Gradient Descent
Imagine you're blindfolded on a hilly landscape. You can't see anything, but you can feel the slope under your feet. Your goal: find the lowest valley.
What do you do? Simple β you feel which direction goes downhill, and take a step that way. Then you feel again, step again. And again. Eventually, you reach the bottom of a valley.
That's gradient descent. The "landscape" is the loss function β a surface where height represents how wrong the model is. The "slope" is the gradient β the mathematical direction of steepest increase. And you step in the opposite direction (downhill) to reduce the error.
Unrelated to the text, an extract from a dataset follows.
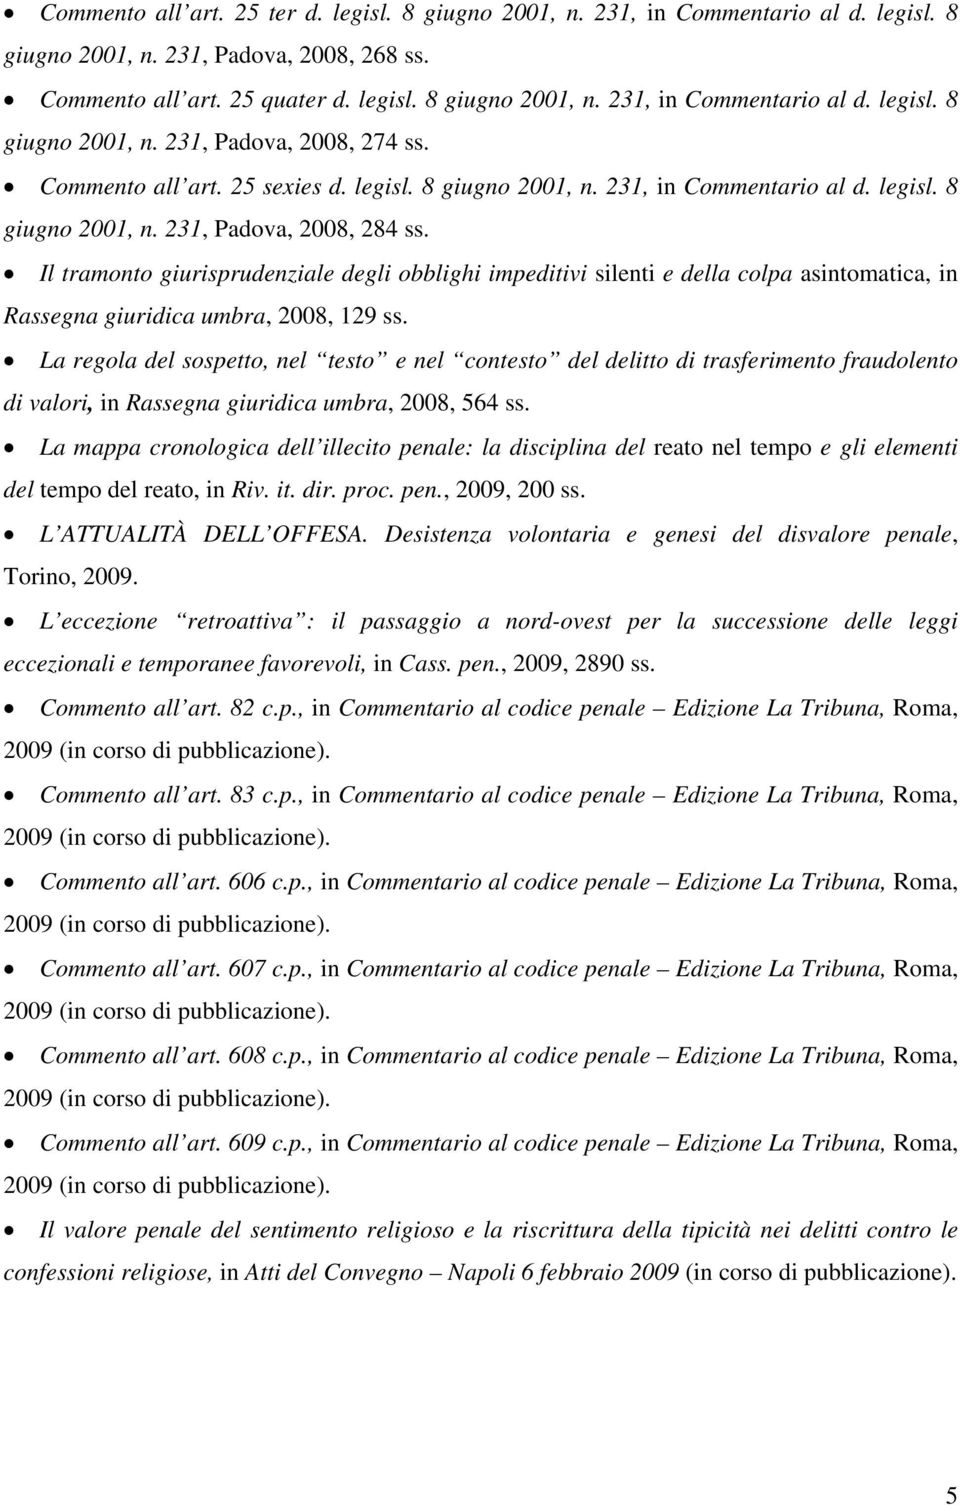 Il tramonto giurisprudenziale degli obblighi impeditivi silenti e della colpa asintomatica, in Rassegna giuridica umbra, 2008, 129 ss.

The gradient: your compass
The gradient is just a fancy word for the direction of steepest ascent. If you're on a hill and the gradient points northeast and upward, then stepping southwest and downward (the negative gradient) is your fastest route to a lower point.
In math terms, for each weight w in the network:
w_new = w_old - learning_rate * (dLoss/dw)
The learning rate controls how big each step is. Think of it as your stride length on that blindfolded hike.
The learning rate: Goldilocks problem
This is the most important knob to tune:
- Too large: You take giant steps and keep overshooting the valley β bouncing from hillside to hillside, never settling down. The loss oscillates wildly or even explodes.
- Too small: You take tiny baby steps. You'll eventually reach the bottom, but it'll take forever. Training a model could take weeks instead of hours.
- Just right: You converge smoothly to the minimum. Start larger and decrease over time (this is called a learning rate schedule).
Three flavors of gradient descent
Batch Gradient Descent
Compute the gradient using all training examples before taking one step. Very accurate direction, but expensive for large datasets. Like surveying the entire landscape before each step.
Stochastic Gradient Descent (SGD)
Compute the gradient using one random example and immediately step. Very fast but noisy β like taking directions from random strangers. The path zigzags, but you still trend downhill.
Mini-batch Gradient Descent
The sweet spot. Use a small batch (32, 64, 128 examples) to estimate the gradient. Less noisy than SGD, much faster than batch. This is what everyone actually uses in practice.